'As long as we’re entertained by sexual violence, we’ll continue to tolerate it'
This fall, the presidential candidates won’t be the only political leaders drawing eyes to primetime television. Vice President Joe Biden will make a guest appearance on Law and Order: Special Victims Unit to shine a brighter light on sexual violence. But while shows like SVU are taking steps to be part of the solution, more often than not sexual violence in television is used strictly for entertainment. With premiere season underway, and with the continued national spotlight on this important issue, entertainment television has the opportunity to make a positive difference in the prevention of sexual assault.
For most Americans, television shapes our first impressions of sexual violence, offering both a challenge and an opportunity to series creators. When done well, incorporating sexual violence into a story can effectively bring the issue to the forefront of public conversation, educating viewers about the negative impact on survivors and the role we can all play in preventing sexual violence. However, many programs struggle with how to appropriately treat sexual violence. In many instances, victims are forgotten by the end of an episode and rape is just a blip in the story arc. Or, something exploitative or abusive is brushed off or treated as a “gray area.”
Recently, certain series have been criticized for using sexual violence solely as a plot device. Game of Thrones, for example, has been called out for using Sansa Stark’s rape on her wedding night to give her an additional motive for revenge. Similarly, The Newsroom has been charged with using an episode on campus rape to drive dialogue about one man’s search for journalistic ethics, ultimately overshadowing the incident of sexual assault and the fallout for the victim.
When audiences repeatedly see a sanitized version of this very real and traumatic crime, sexual violence can become a normalized experience, undeserving of serious attention or care.
But the answer isn’t to simply eliminate sexual violence from shows. If we avoid the topic altogether, we risk skirting a serious and widespread problem that’s a reality for millions of women and men across the country. Weaving narratives on sexual violence into popular shows provides a powerful vehicle to raise awareness of the issue and the roles we all can play to prevent it. Doing so can give underrepresented, real-life victims the opportunity to relate to multi-dimensional characters.
So what specifically can program creators do to ensure they’re treating sexual assault in a constructive way?
First, writers, directors and producers should work to humanize victims by giving them strong voices, motivations and hopes beyond their assault. They should consult with experts who work with survivors, or with survivors themselves.
Second, television shows can commit to portraying a more realistic version of rape. Outlander aired an episode last year that focused on a brutal sexual assault, and was lauded for portraying the survivor’s pain and recovery throughout multiple episodes and seasons. By elaborating on survivors’ experiences during and after sexual assault and giving air time to the long-term impact on society as a whole, shows can help educate audiences about how harrowing it can be to report an incident of sexual violence, and provide examples of how to demonstrate support to survivors.

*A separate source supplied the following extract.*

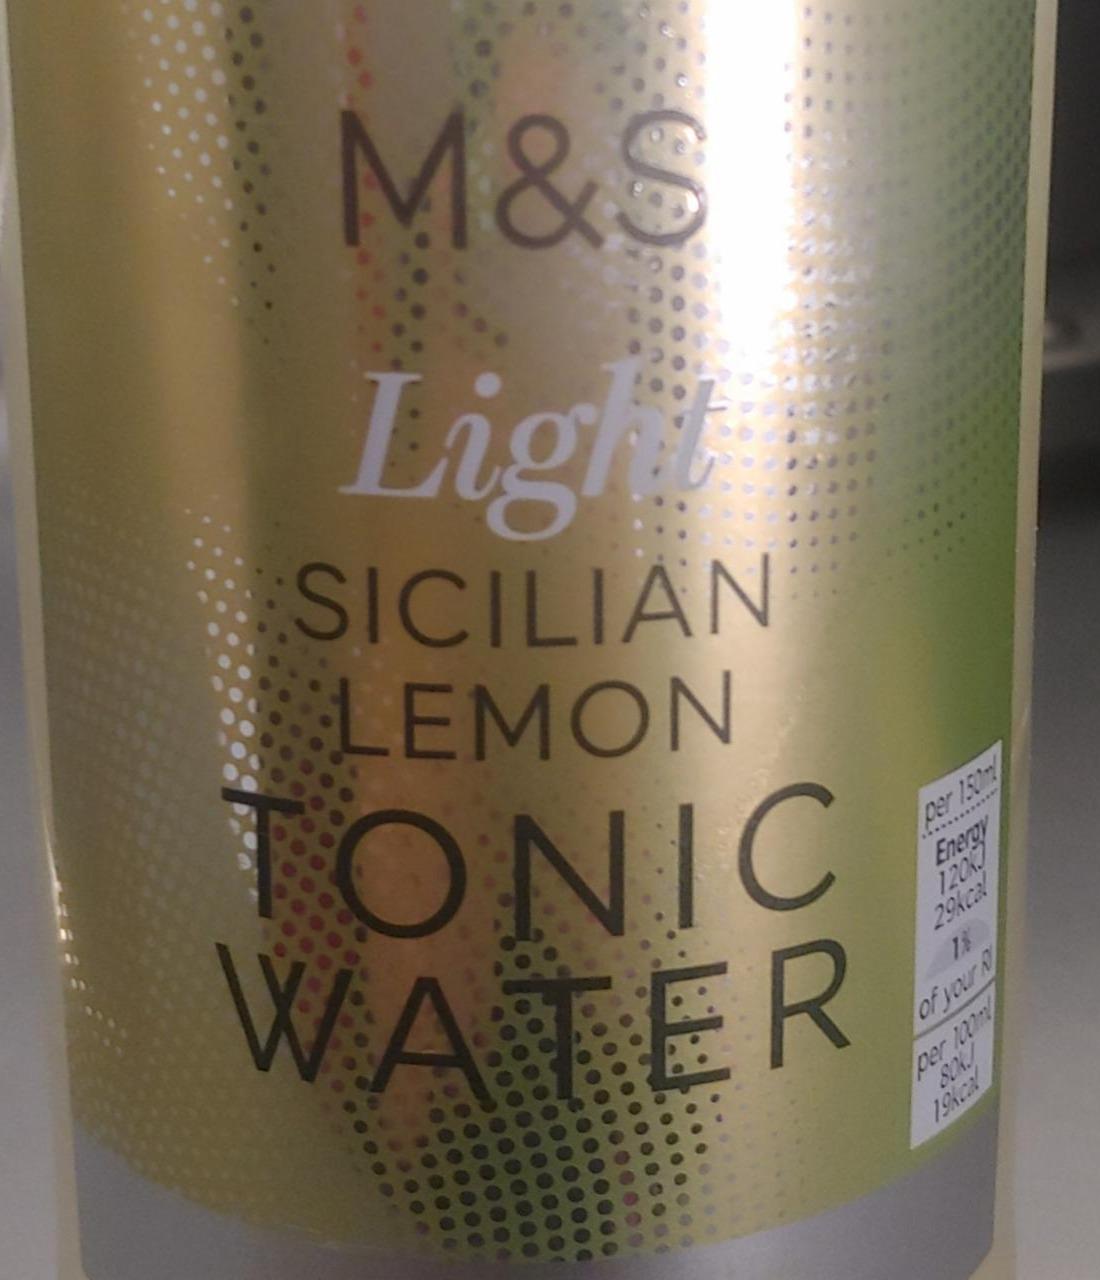 Fotografie - Light Sicilian Lemon Tonic Water M&S

Third and most important, series and their contributors have a tremendous opportunity to join the prevention movement, driving greater momentum through television’s strong presence throughout society. Actors like Mariska Hargitay and Ashley Judd, along with famous guest stars like Vice President Biden, are already using their influence to shed greater light on prevention efforts. It’s time for the broader industry to take part by showcasing examples of healthy consent as well as the heroism of bystanders who intervene and others who stand up against sexual assault.

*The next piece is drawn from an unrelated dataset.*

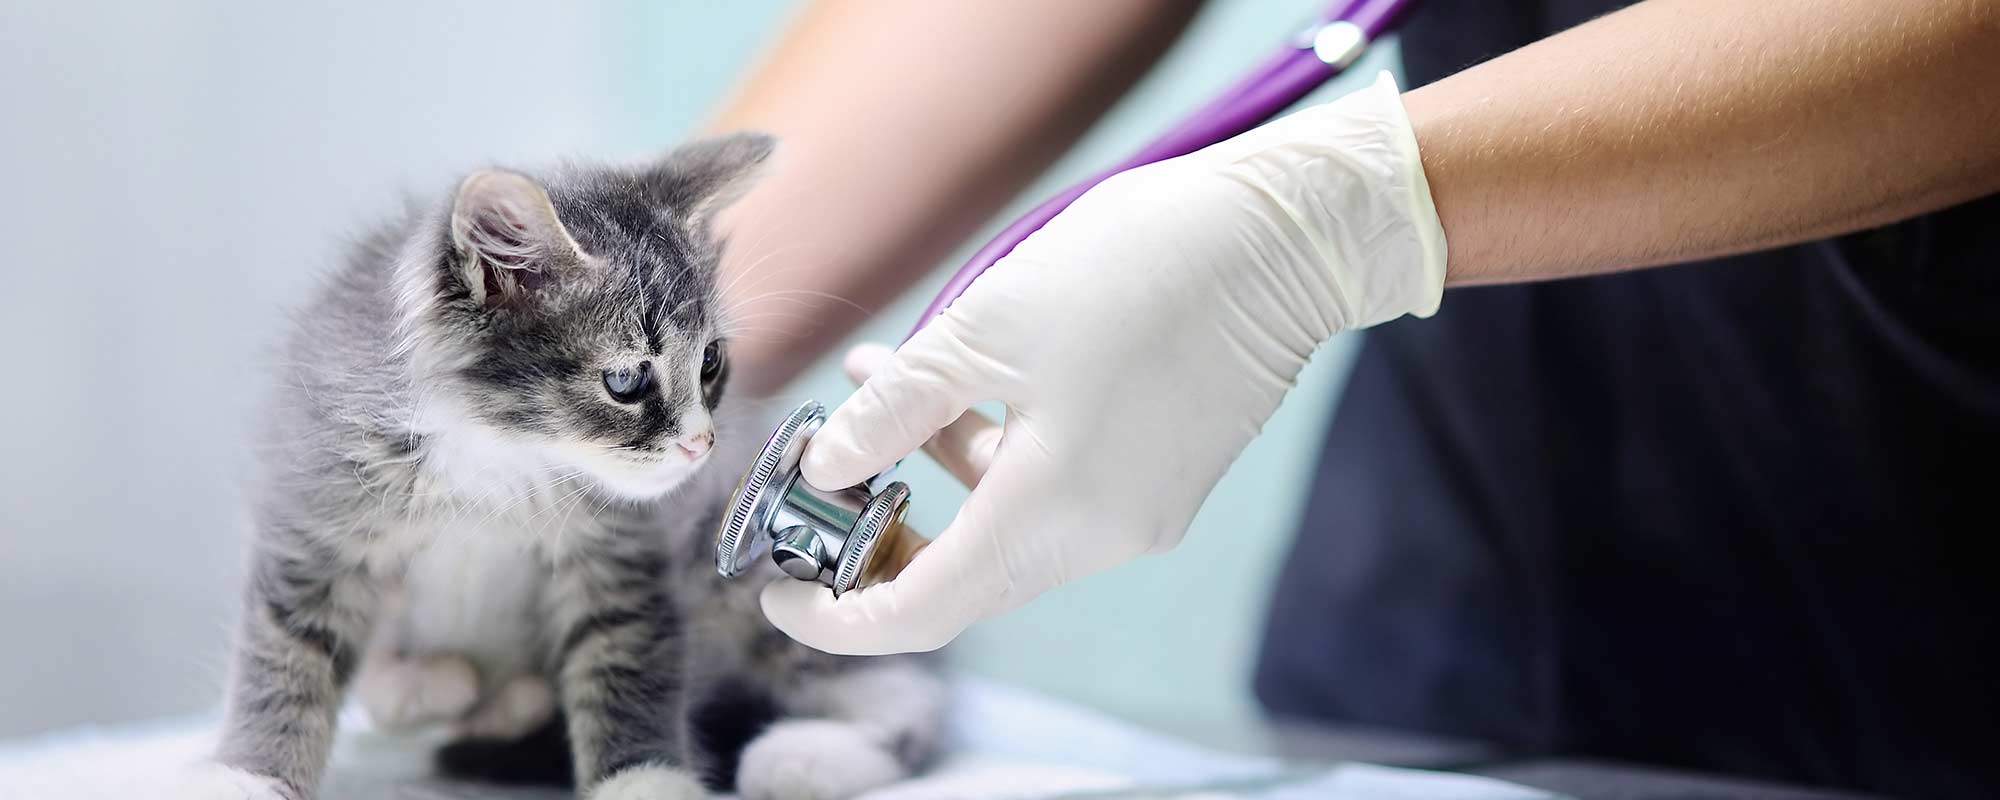 kitten with stethoscope

The influence of television on our cultural values is undeniable. As long as we’re entertained by sexual violence, we’ll continue to tolerate it. We applaud those shows that are using their platforms to advance the national conversation on this issue. It remains to be seen whether this season of television will sustain the normalization of sexual violence or help drive progress in how we address it—but we remain hopeful for the latter.